= The Shades of Blue =

American blue-eyed soul vocal group

The Shades of Blue were an American blue-eyed soul vocal group from Livonia, Michigan, a suburb of Detroit.

The band started in high school as the Domingos. Original group members included Nick Marinelli, Ernie Dernai, Linda Allen and Bob Kerr. By 1965, The Domingos signed a recording contract for the Detroit-based Golden World label. John Rhys, a sound engineer, suggested a name change and the Shades of Blue was the result.

Their biggest hit was the song "Oh How Happy", recorded in the fall of 1965 and released in early 1966, written by Edwin Starr, which reached number 12 on the Billboard Hot 100 chart, number 16 on the US Billboard R&B chart and the Top 10 in Canada. That same year, the song "Lonely Summer", again written by Starr, reached number 72, and then "Happiness" peaked at number 78 in the Hot 100.

Taste in popular music changed in the late 1960s, and the group's later single efforts failed to chart and they disbanded in 1970.

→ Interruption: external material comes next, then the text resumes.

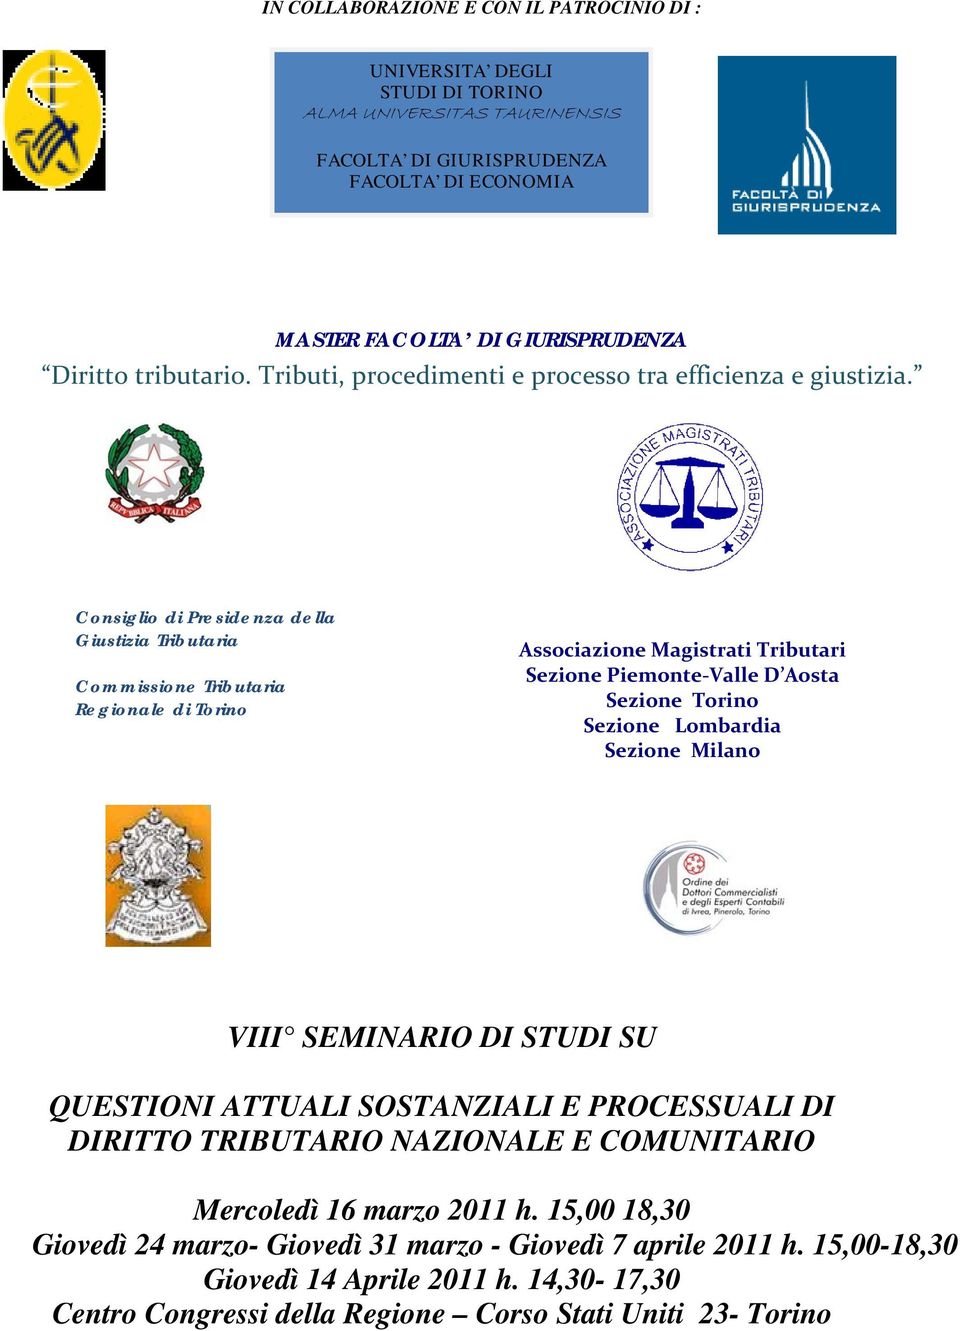 Consiglio di Presidenza della Giustizia Tributaria Commissione Tributaria Regionale di Torino Associazione Magistrati Tributari Sezione Piemonte Valle D Aosta Sezione Torino Sezione Lombardia Sezione

In 2003, original member Nick Marinelli joined a Motown group that was reforming, the Valadiers. That lineup, consisting of Marinelli, original Valadier Stuart Avig and new members Andy Alonzo and Donald Revels, began also touring as the Shades of Blue. Revels left the group in 2006 and was replaced by Charlie Valverde; he returned to the group three years later when the last original member, Nick Marinelli, left. Andy Alonzo was replaced by Charles Davis in 2011.